At 02 October, 2009 19:29, Blogger Eric Allix Rogers said...

That's a good explanation for how things unfolded. I straddled the fence until the bid book came out, but the architecture was horrendously uninspired, there was no transportation planning, and they were going to close the lakefront. No siree, Bob. It was very gratifying to hear many of my coworkers cheering when the news broke.

 
At 03 October, 2009 01:07, Blogger Steven Vance said...

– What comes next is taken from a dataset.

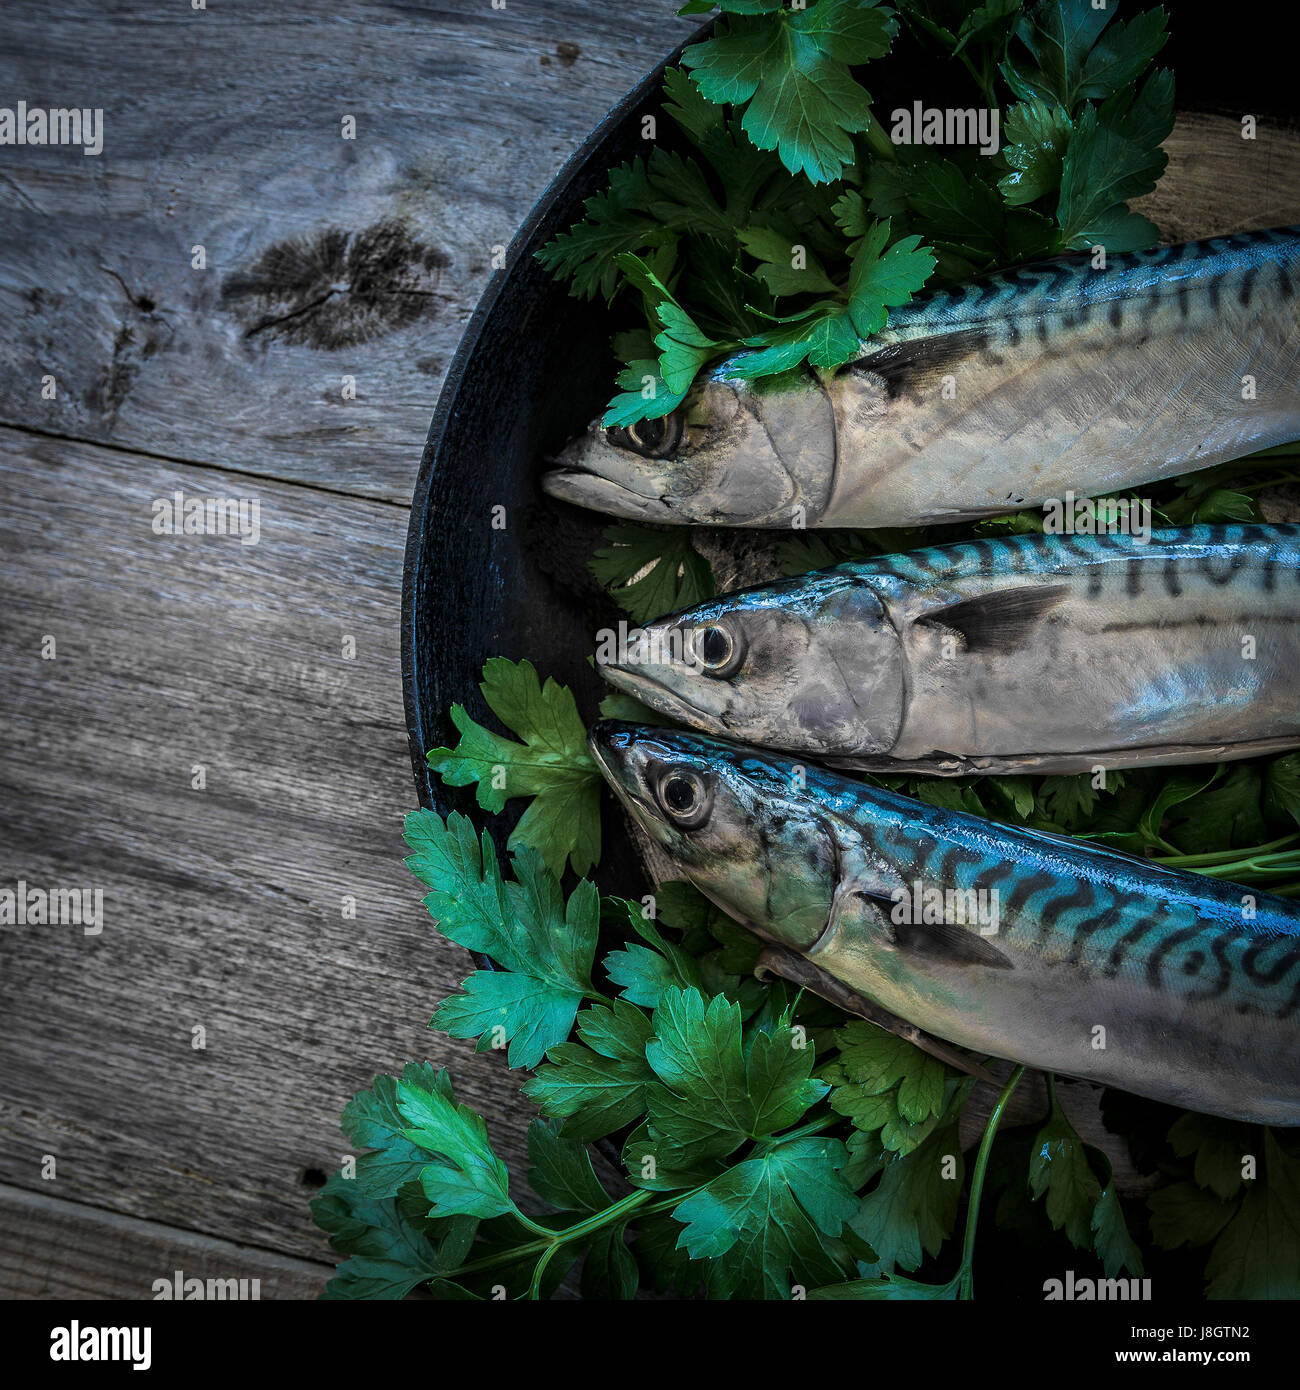 An overhead view of three mackerel in a skillet; Herbs; Flat leaved parsley; Frying pan; Skillet pan; Food; Fish; Seafood; Pelagic fish; Stock Photo

I think you wrote your best entry ever here.
I like that you understand the bid had no provisions for transportation improvements and that the additional vehicles and rolling stock would be borrowed from other transit agencies (the military spent $1.5 million to pay their enlisted to drive in buses from around the country to Atlanta, and the US DOT paid $17 milion for their "rental" and operation).
http://www.stevevance.net/planning/2009/05/update-on-federal-borrowed-bus-program/

Learning the IOC eliminated Chicago from voting excited me this morning. It all happened on my bike commute to work on a bike lane that the Olympics would grind away to make room for "Olympic Lanes" for buses (okay, I speculate, but I believe that a likely scenario).